Воздух на подводной лодке не отличается от воздуха на земле – в отсеках углекислый газ перерабатывает в кислород специальная установка под названием «Катюша».

– Не скажу, что на лодке тяжело как-то дышится – нет. Так же, как обычно. Скорее, давит замкнутое пространство, но это в первое плавание. Потом привыкаешь. Нас на лодке 142 человека… – говорит подводник.

– Ни больше, ни меньше?

– Нет. Но если только кто-то погибнет! – поясняет военный и продолжает:

– Моряки, мичманы, лейтенанты, офицеры… С каждой автономкой вы становитесь всё ближе друг другу. В первую очередь со своим малым кругом – теми, кто находится с тобой в каюте, с кем встречаешься в столовой, на вахтах. Мне вообще с экипажем повезло!
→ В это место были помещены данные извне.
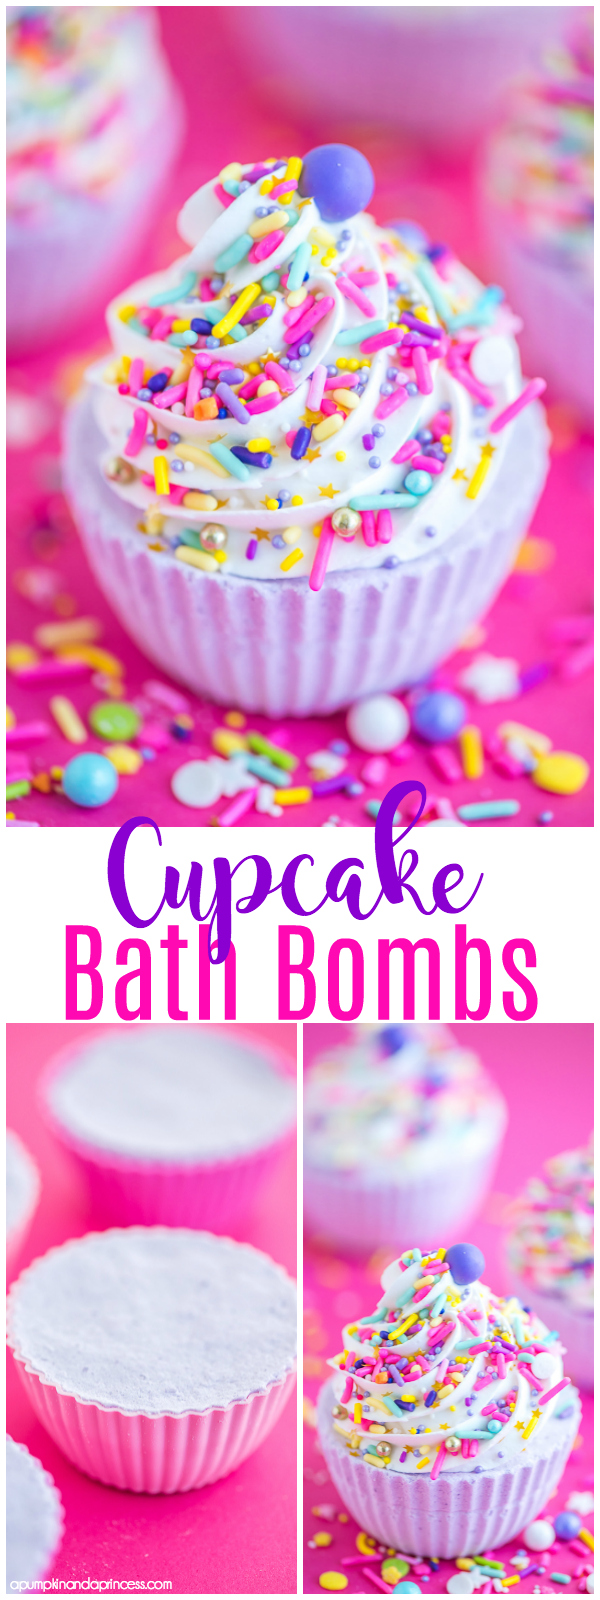 Bombas de baño para cupcakes de bricolaje
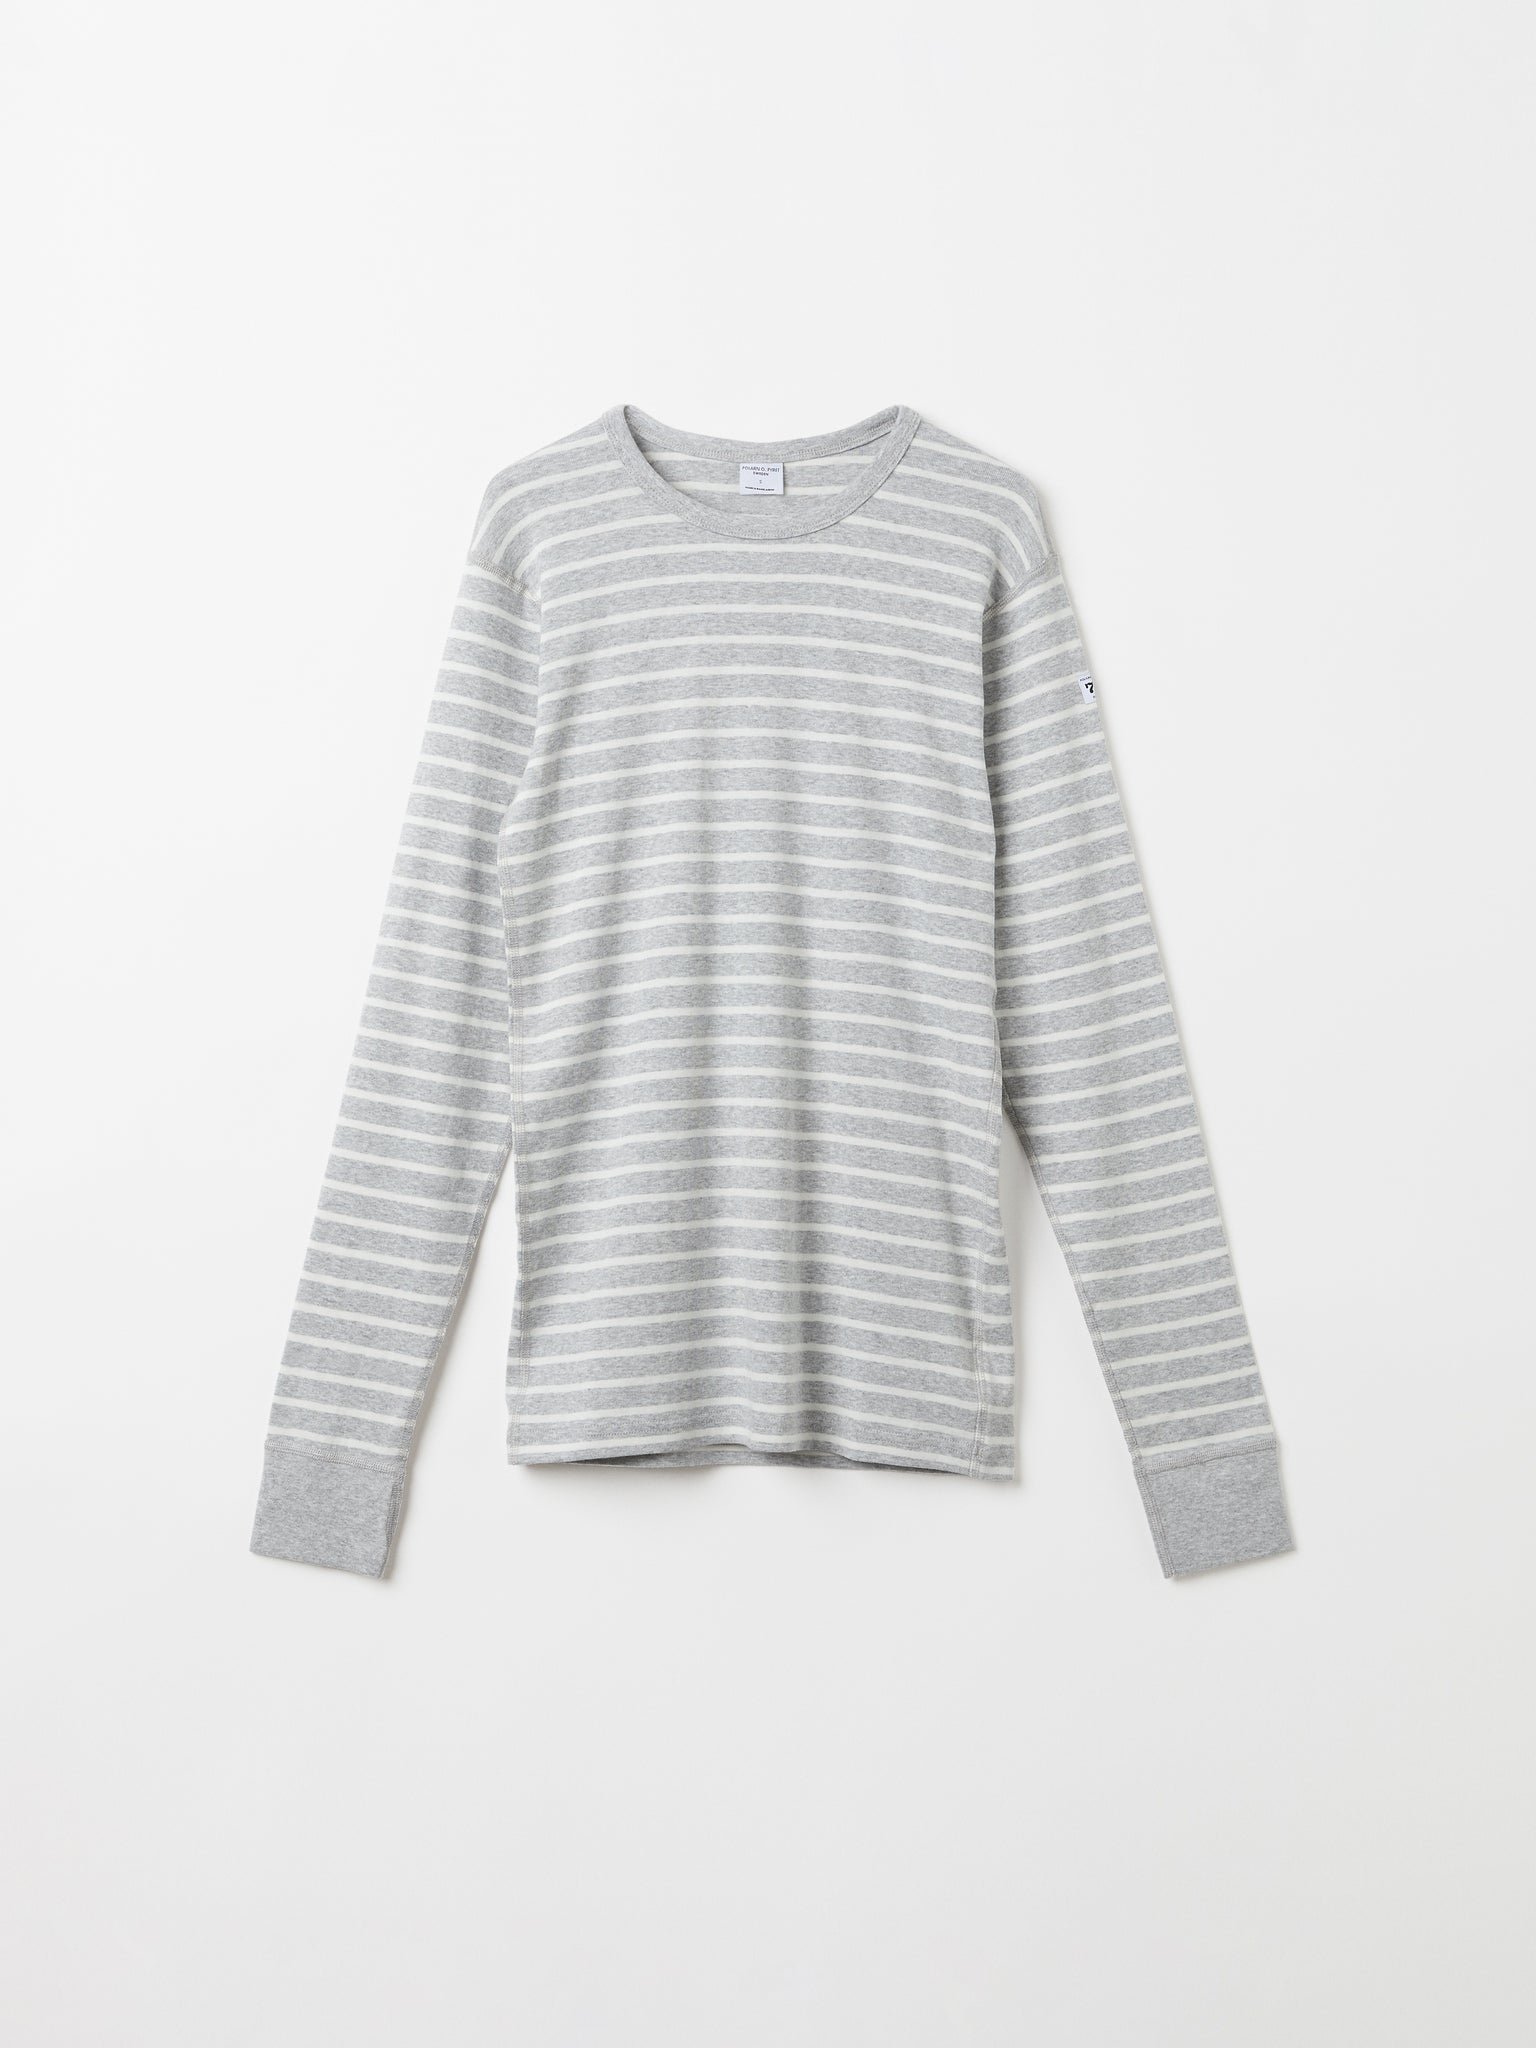 Grey & White Striped Long Sleeve Kids Top

На лодке, как и везде, есть своя иерархия. У матроса свои обязанности, у лейтенанта – свои. Кто-то следит за пультами, кто-то моет палубу, кто-то готовит. На лодке есть единственный кок – он стряпает для всех. Вестовые (уборщики на судне) моют посуду посменно.

– На судне две столовых. Матросы и мичманы едят в одной, офицеры в другой. Те, кто повыше по рангу, находятся на лодке в более комфортных условиях. Офицеры спят в двухместных каютах, у мичманов уже, помимо двухместных, есть четырёхместные. А матросам повезло ещё меньше – двухместных кают у них вообще нет, зато есть 6-местные», – говорит К.К.

Каждый, кто становится моряком, обязан в своё первое погружение попробовать морскую воду.

– На центральном посту её приносят тебе в плафоне, и ты должен выпить всё до дна. Рассказывали, что некоторых тошнило – меня нет. Вода солёная – да, но не противная. Некоторые говорят, что она даже полезная. Потом тебе вручают свидетельство. Ну а на некоторых судах к традиции «воды в плафоне» добавляют «поцелуй кувалды»: её подвешивают к потолку, и при качке матрос должен изловчиться и её поцеловать. Странно немного, мы такого не делали. Но если бы было принято, конечно, избежать бы не удалось.

Во время войны, по словам К.К., принято было встречать моряков на пирсе жареным поросёнком. Сам К.К.служил в мирное время, про военное ему рассказывал отец – тоже подводник. В годы Великой Отечественной войны он служил на дизельной подводной лодке.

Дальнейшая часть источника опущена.